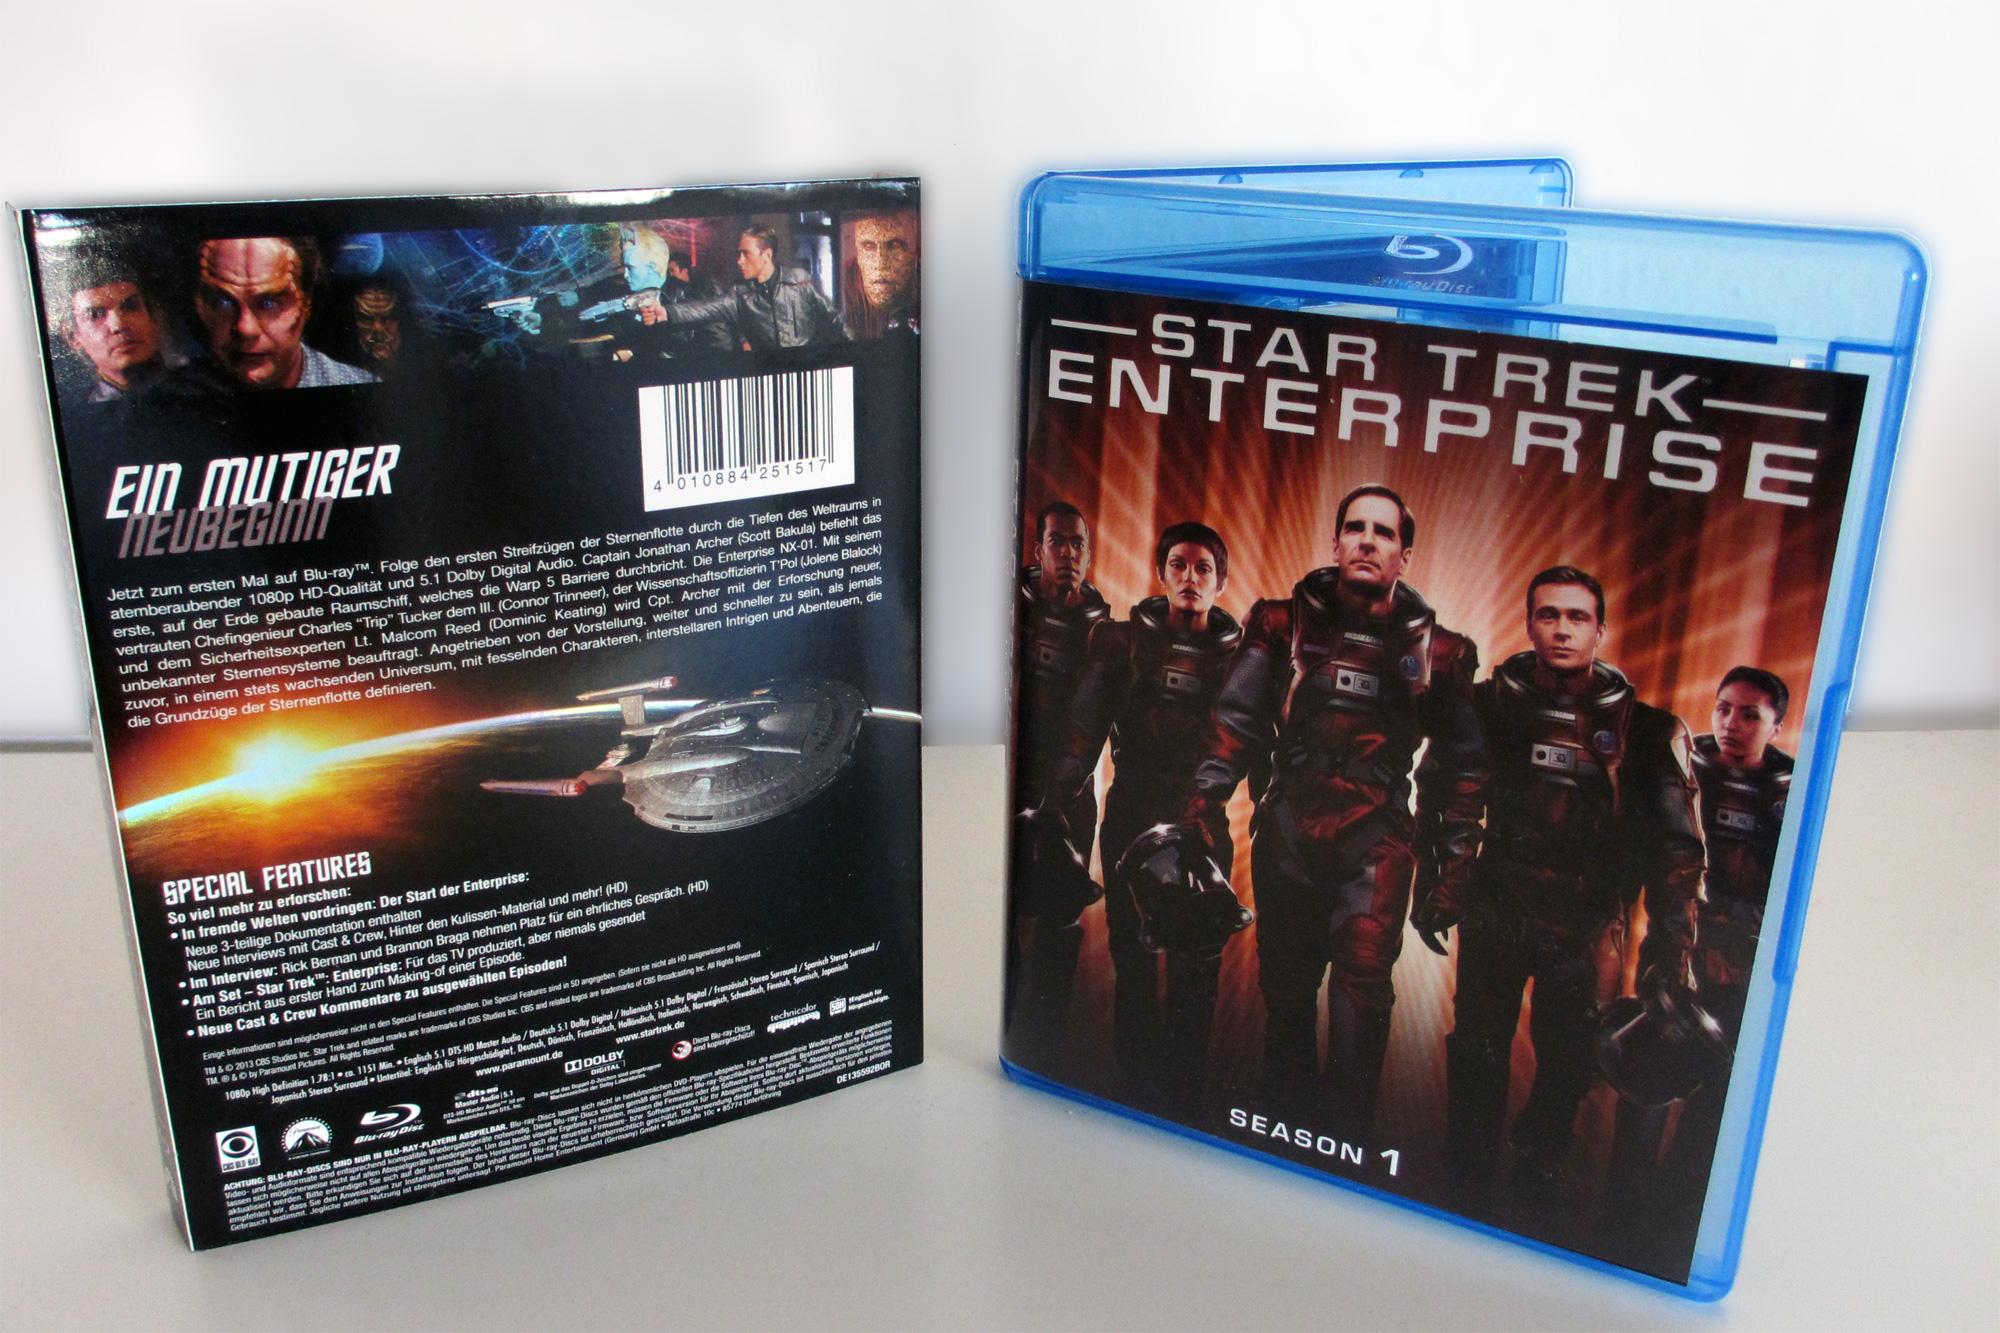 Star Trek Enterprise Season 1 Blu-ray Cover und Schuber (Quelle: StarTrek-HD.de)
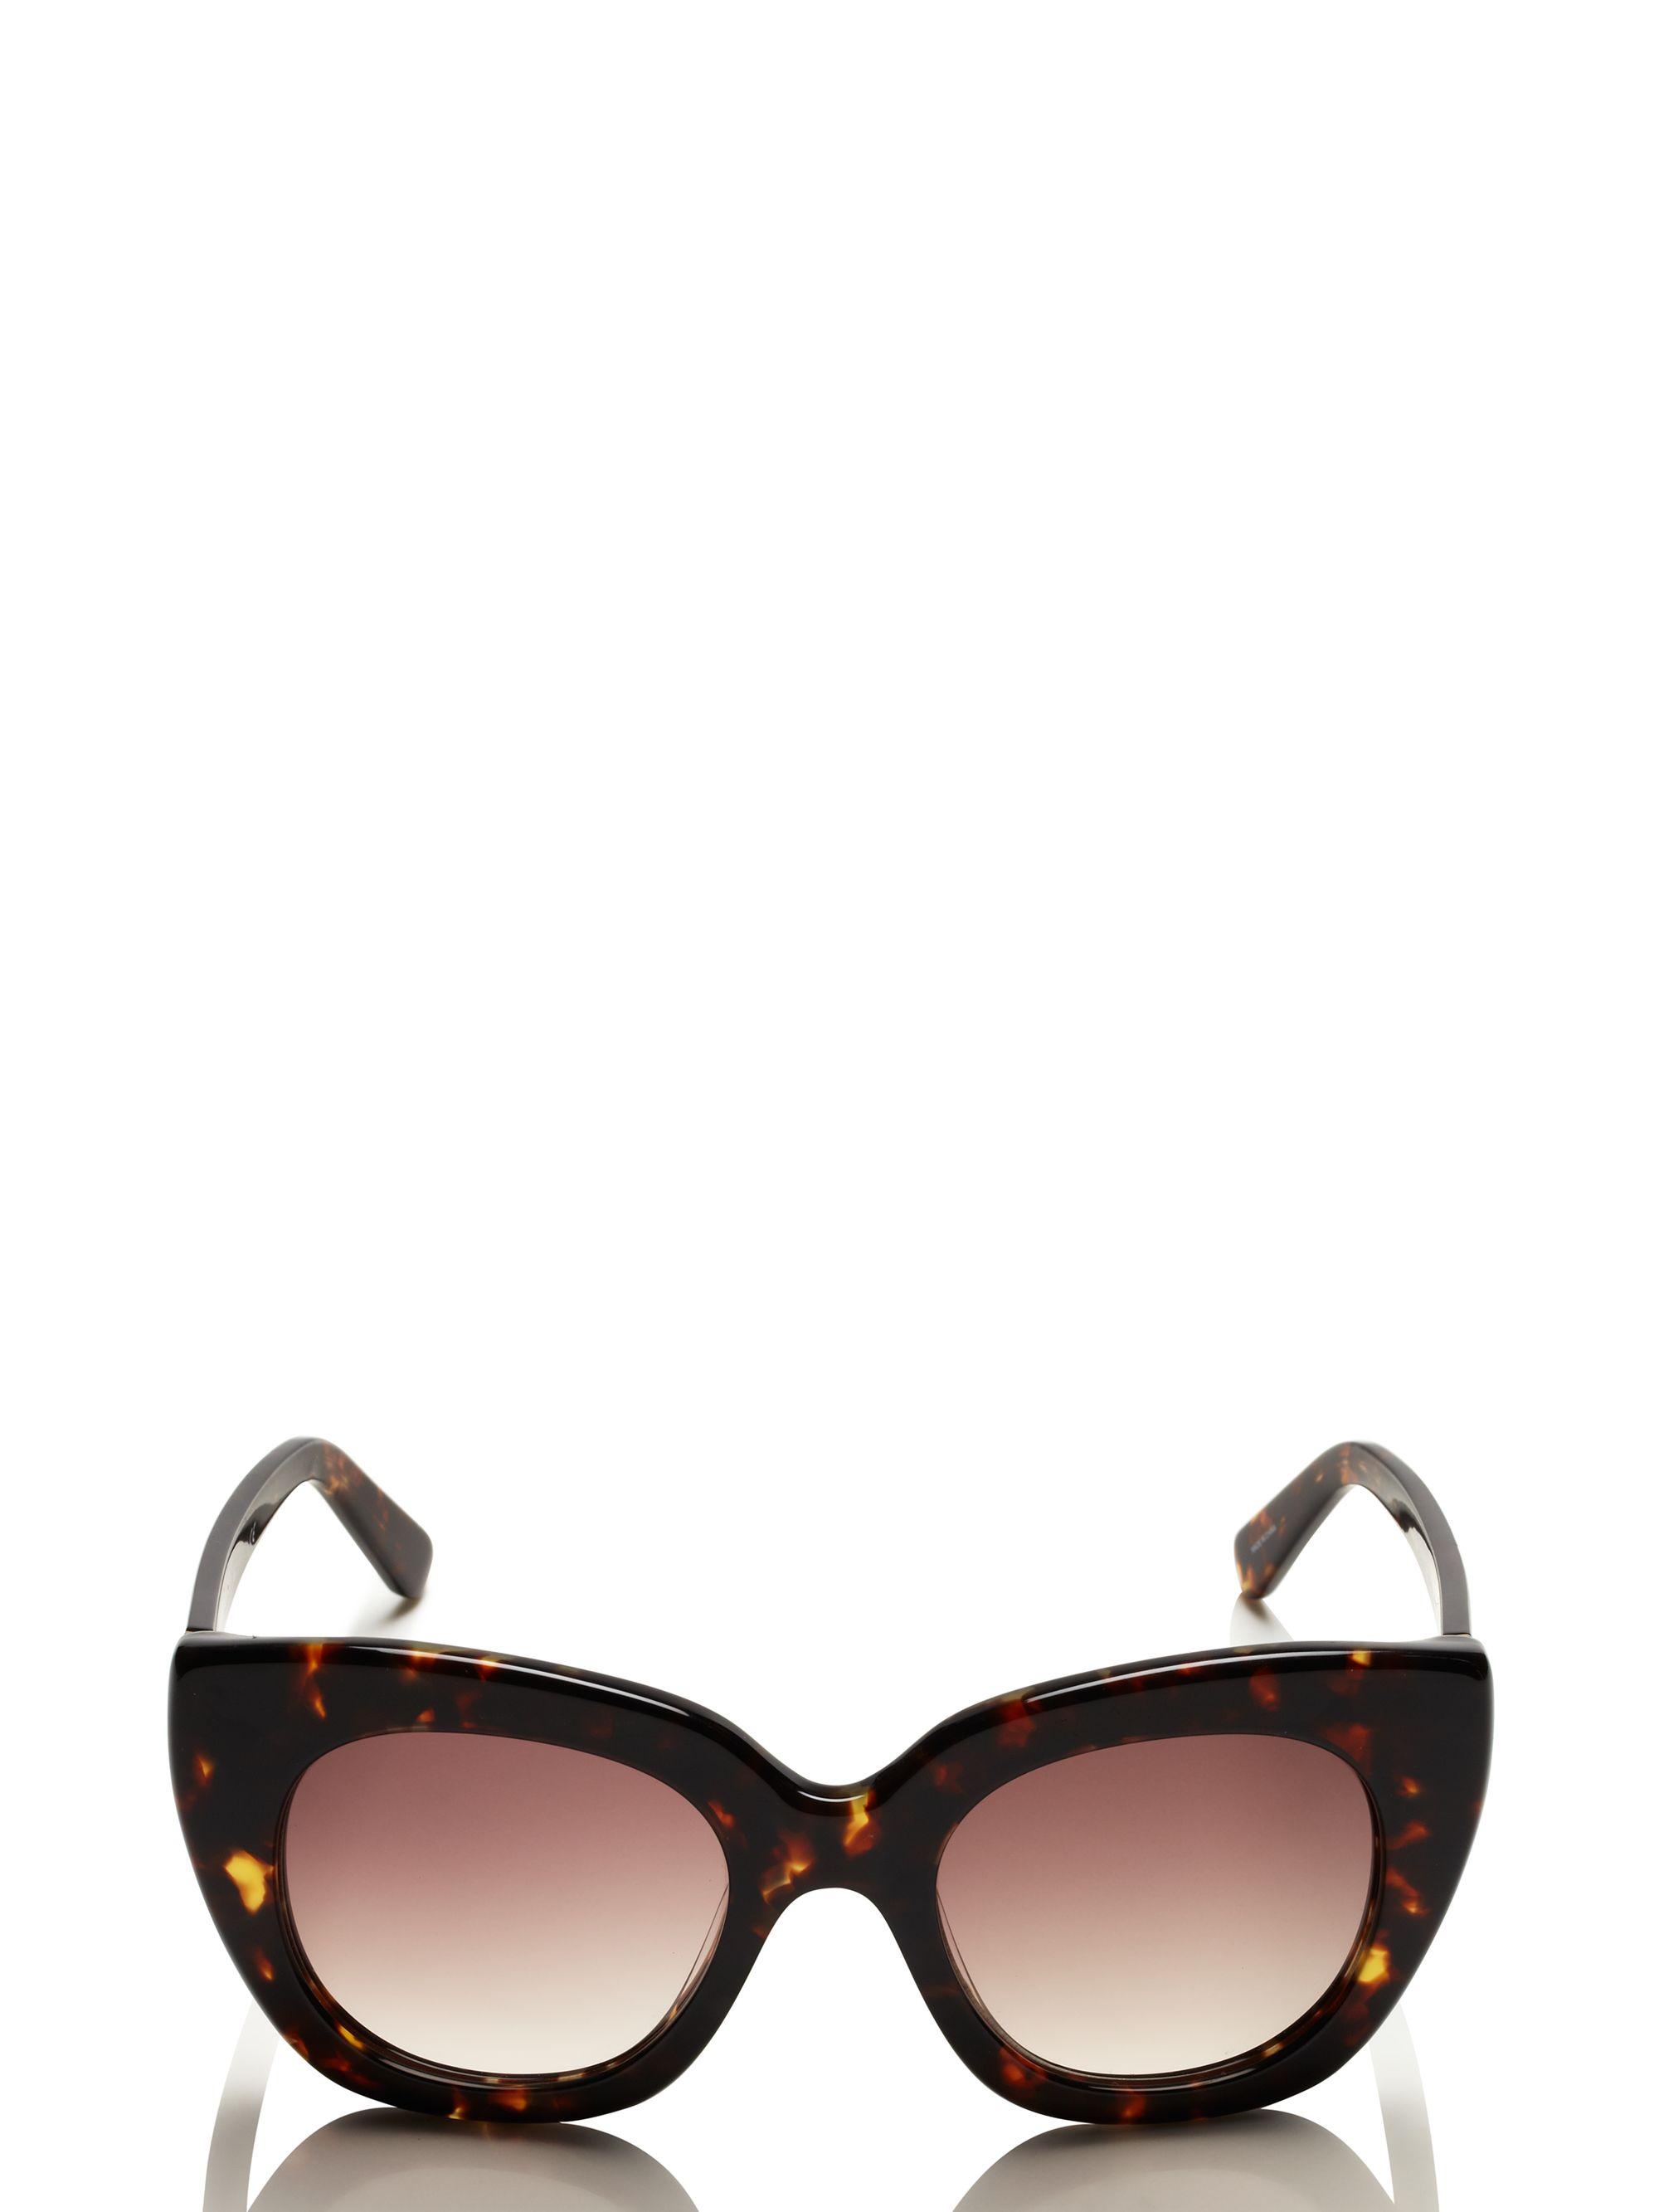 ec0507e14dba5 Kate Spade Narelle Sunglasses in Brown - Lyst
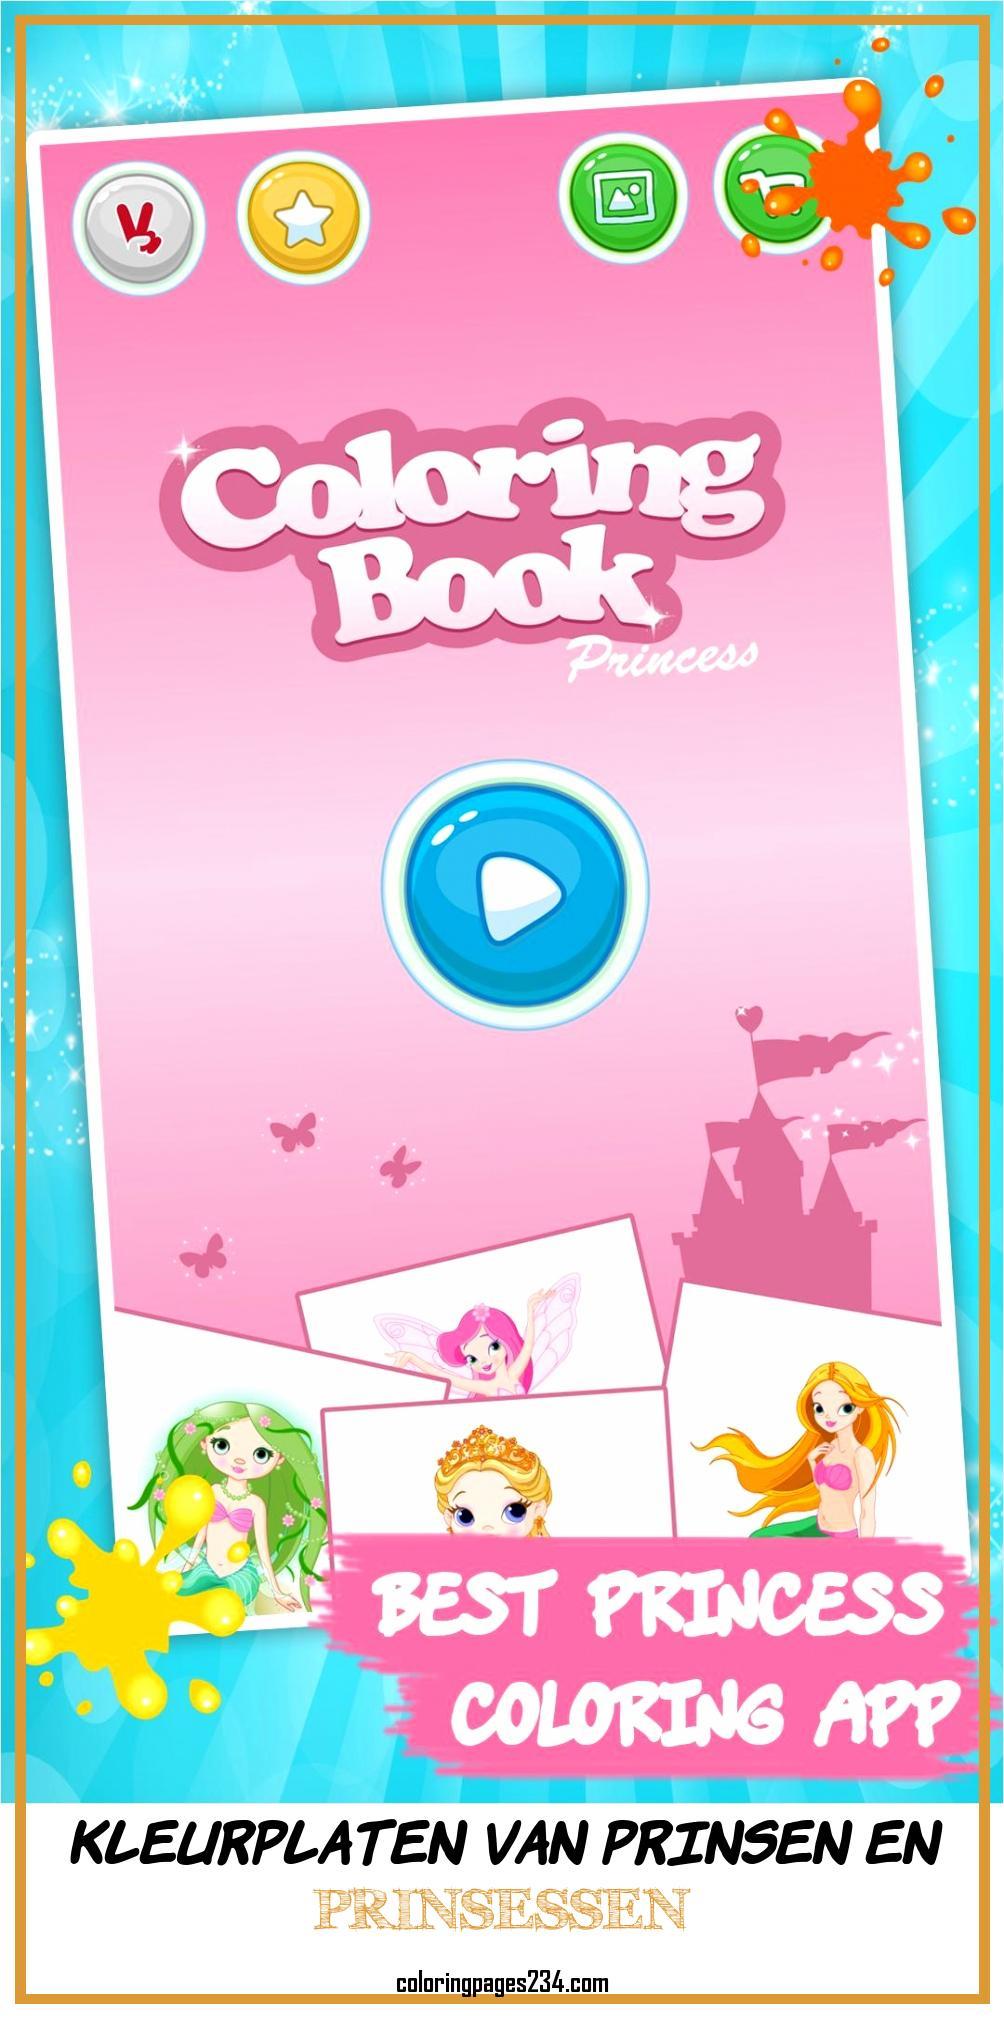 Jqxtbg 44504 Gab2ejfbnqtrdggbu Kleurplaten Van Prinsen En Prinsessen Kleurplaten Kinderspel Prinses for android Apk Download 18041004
===
# Activity
Write out exactly the lines running from the one with "ec0507e14dba5 Kate Spade" through the end of the material, both ends included, while leaving the pictures out.

# Answer for the task
 ec0507e14dba5 Kate Spade Narelle Sunglasses in Brown - Lyst
 Jqxtbg 44504 Gab2ejfbnqtrdggbu Kleurplaten Van Prinsen En Prinsessen Kleurplaten Kinderspel Prinses for android Apk Download 18041004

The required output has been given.